Article paru dans Muziq n°8 Novembre-décembre 2006 :

Voix ultime de la protestation charriant les révoltes, Colette Magny (1926-1997), s’est toujours absentée du système au point de tenir à l’écart ceux qui voulaient augmenter son prestige. Au début des années 70, elle m’avait invitée rue de Flandres, dans le petit appartement parisien qu’elle occupa longtemps avant de prendre la tangente du côté de Saint-Antonin-Noble-Val, aux confins de l’Albigeois et du Quercy. Notre conversation, enregistrée sur un magnétophone à bandes, devait paraître dans Gulliver, un mensuel de contre-culture dirigé par André Bercoff. Je voulais élucider le singulier parcours qui mène une dactylo de l’UNESCO au blues le plus radical, en passant par l’Olympia dont elle partage la scène avec Sylvie Vartan. Il me fallait tracer une chronologie. Cette tentative fut un fiasco. Colette Magny s’évadait lorsque mes questions la frôlaient. Elle préférait évoquer les saloperies et comment en finir avec l’oppression en organisant une grève générale mondiale.
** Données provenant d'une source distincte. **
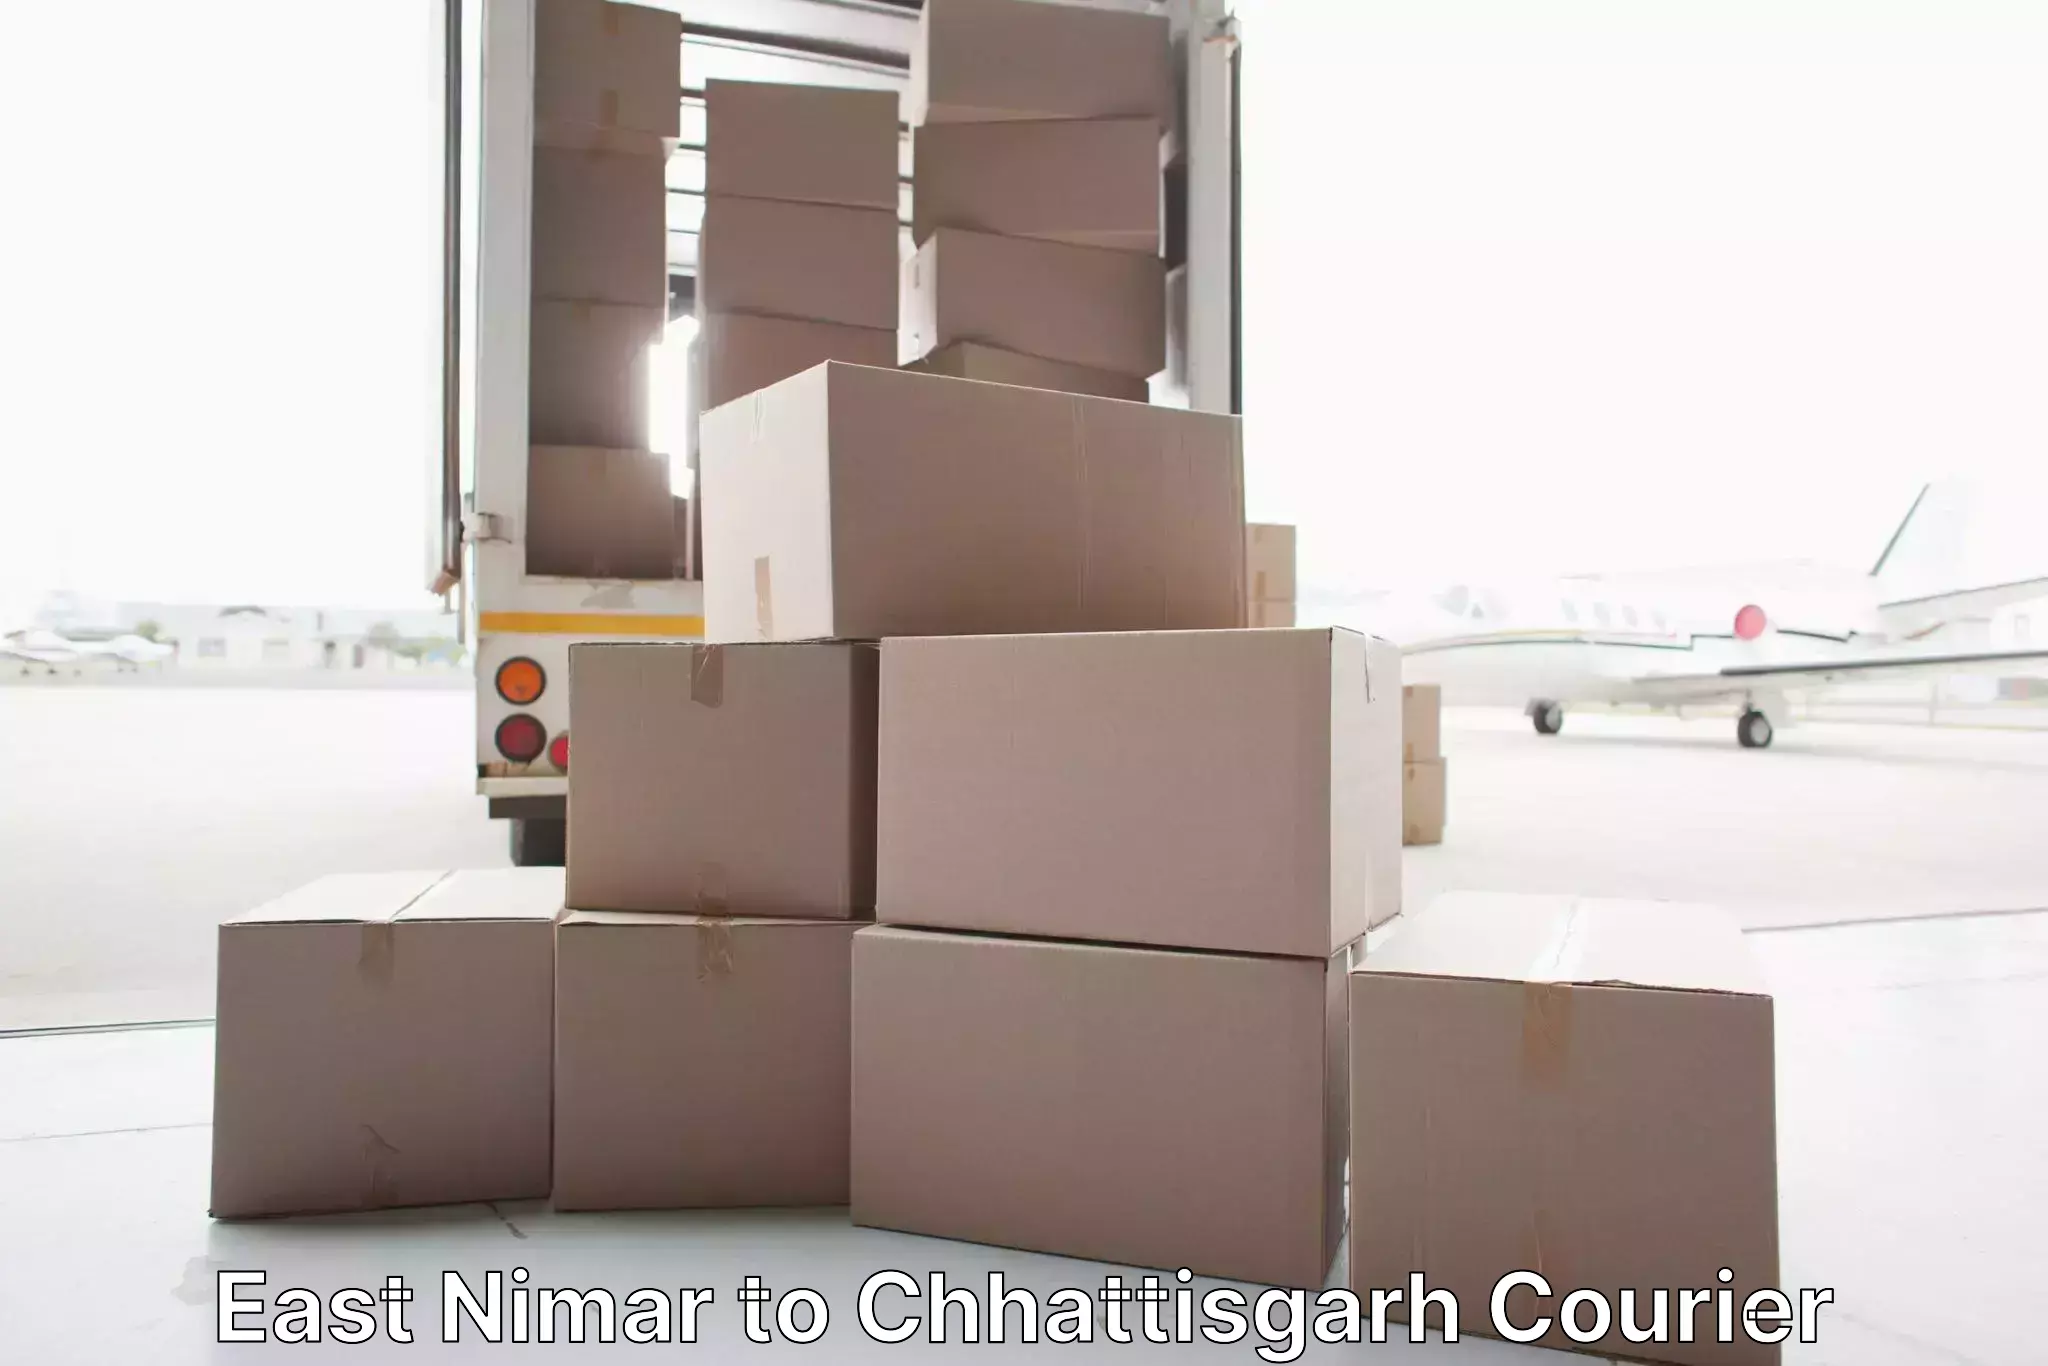 Trusted furniture transport East Nimar to Raipur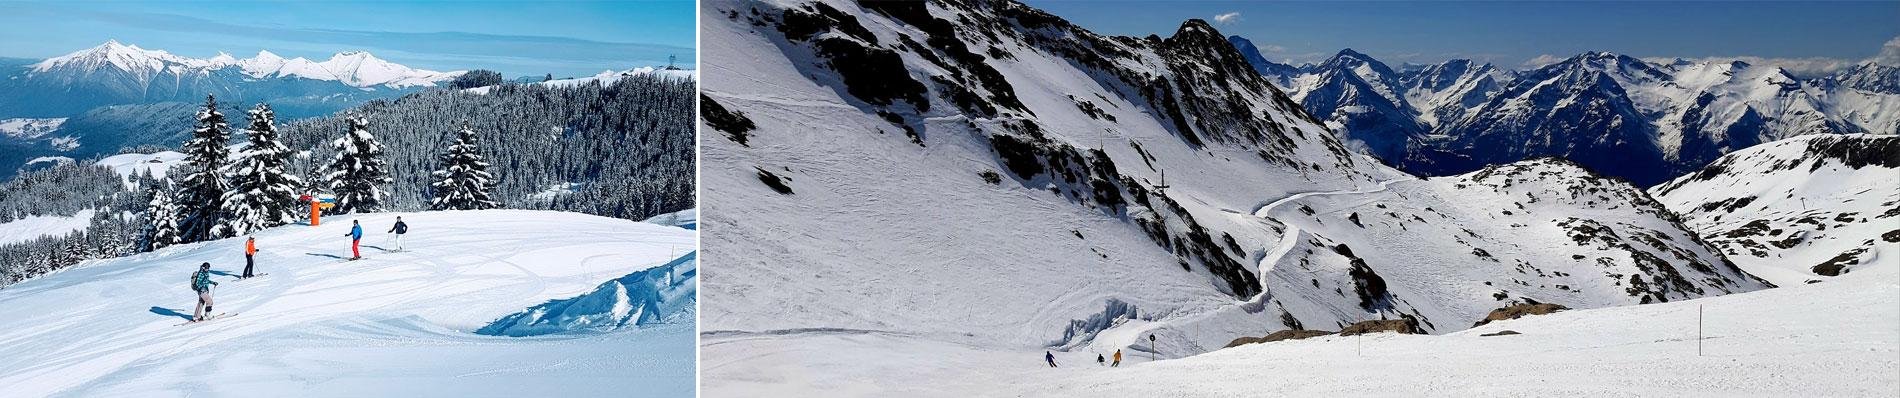 frankrijk wintersport franse alpen sneeuw skivakantie

Concernant ses projets, elle m’annonça (et son visage s’était illuminé) qu’elle désirait convaincre Léo Ferré d’enregistrer un album duettiste. Imaginez l’explosive aria qu’un tel alliage aurait pu susciter.  L’entretien ne parut jamais. Colette Magny s’étant opposé à cette publicité qu’elle jugeait dérisoire.

Elle a 35 ans lorsqu’elle débute en chanson sur le continent Contrescarpe. Sa voix de cyclone souffle les incantations félines de Bessie Smith, un blues prolétaire qui ne pleure pas les amours vaincues mais l’horreur des puissants. Un premier 45 tours publié en 1963 grave un poème de Rainer Maria Rilke et « Melocoton », air poignant dédié à l’enfance. Colette Magny tient le tube qui ouvre les portes mais elle ne cherche pas les falbalas. Ses chansons serviront à évoquer la situation au Vietnam au moment des bombes Nixon. Elles documentent la réalité du Chili après le coup d’état d’Augusto Pinochet et de la CIA contre la coalition d’Allende. Sur les pochettes de ses albums : Che Guevara, Hô Chi Minh…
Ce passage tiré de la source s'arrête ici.